Also for the haunt I'm making a mask and hands for the Cockroach Lady who inhabits the creepy kitchen.

Busy months ahead.


----------



## Dark Angel 27

i've thought on it, and i've decided to ditch the normal ensamble and go completely goth. which will fit in with the orphanage, i'm also considering bying some goth wings and wearing them with the costume, i've never been a gothic fairy before, but i think it would be loads of fun!

my niece and nephew spent their spring break at my house and my niece and i had a mini costume photo shoot for another project i'm working on. I'm finding that the goth look went really well, though it will definitely need more development before the big night.


----------



## kittycollins

i'm dressing as poison ivy! i'm already planning and browsing for my outfit in stores.


----------



## aquariumreef

I'm dressing as a fancified plague doctor, ordered the mask from Venice.


----------



## MorbidMariah

aquariumreef said:


> I'm dressing as a fancified plague doctor, ordered the mask from Venice.
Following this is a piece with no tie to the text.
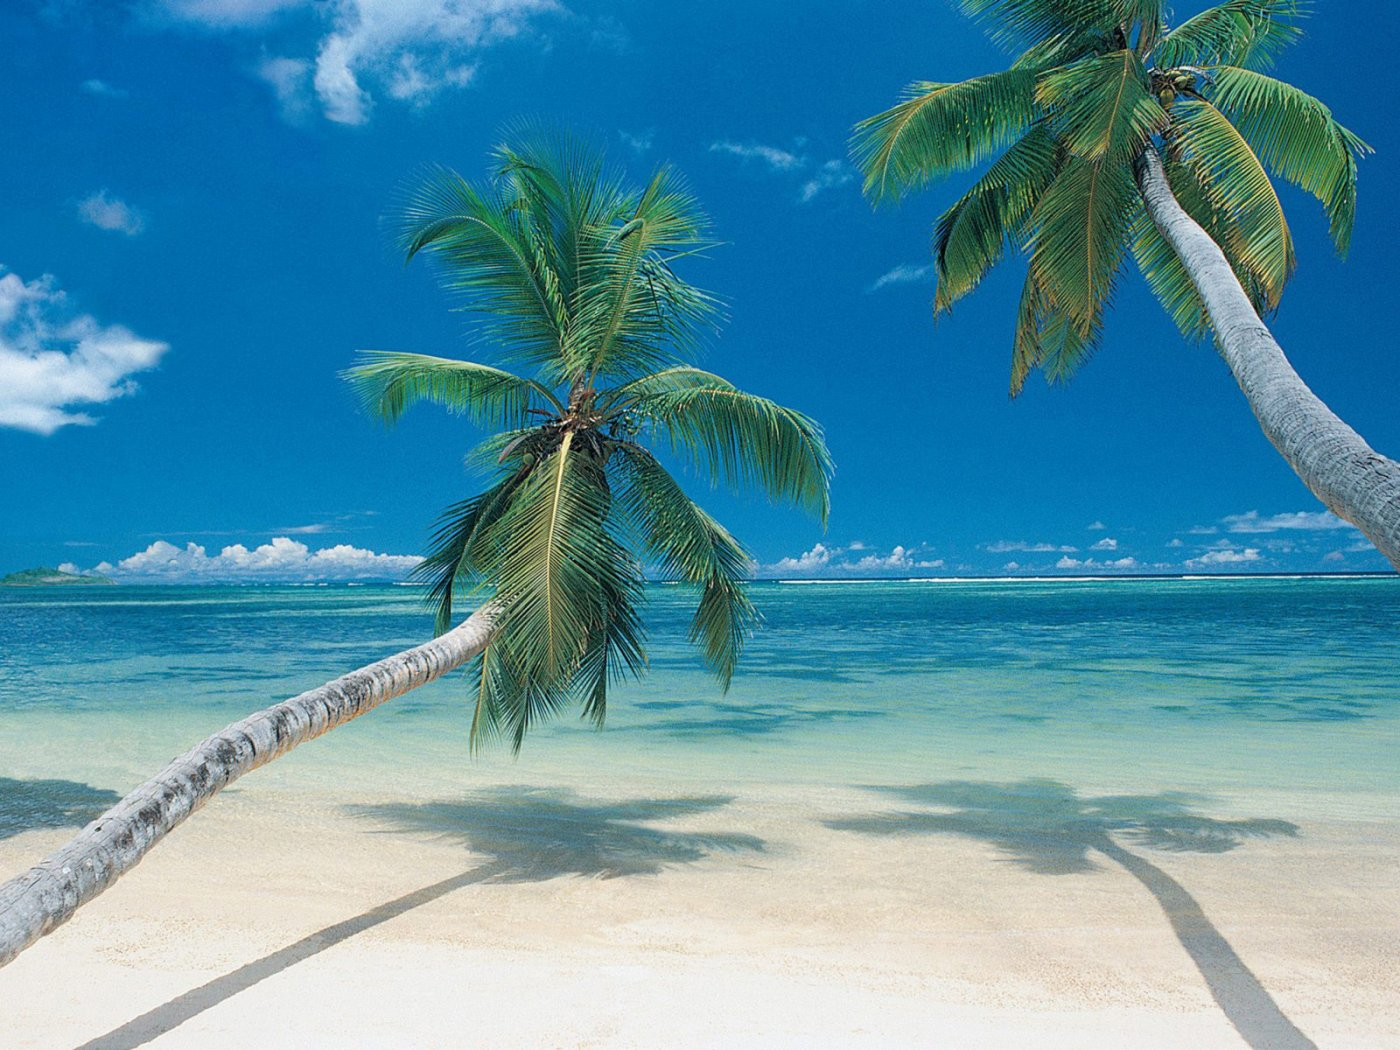 URL httpwwwsmscscomphotobeautiful palm tree wallpaper10html 1400x1050

OOoooooh, I can't wait to see that! You gotta post pics! :biggrinkin:


----------



## haleysmith

I'm still thinking, nothing serious on my mind. Although I'd like to be cleopatra or cinderella. Or like that blue creatures from the movie, an avatar )


----------



## aquariumreef

MorbidMariah said:


> OOoooooh, I can't wait to see that! You gotta post pics! :biggrinkin:


Will do!


----------



## Jester7902

Think I'm going to try to make my own "Pinhead" costume from Hellraiser


----------



## Aelwyn

Late to the game, as usual. This year is NOT conducive to Hallowe'en planning, and now I'm trying to get a job doing makeup for a local haunt.

Soooo....I was going to try Medusa (AGAIN). I have all the snakes, just need to do the headpiece. Costume would be a black skirt, and black corset, and some snake jewelry. Plus the fabulous headpiece (well, I hope it'll be fabulous).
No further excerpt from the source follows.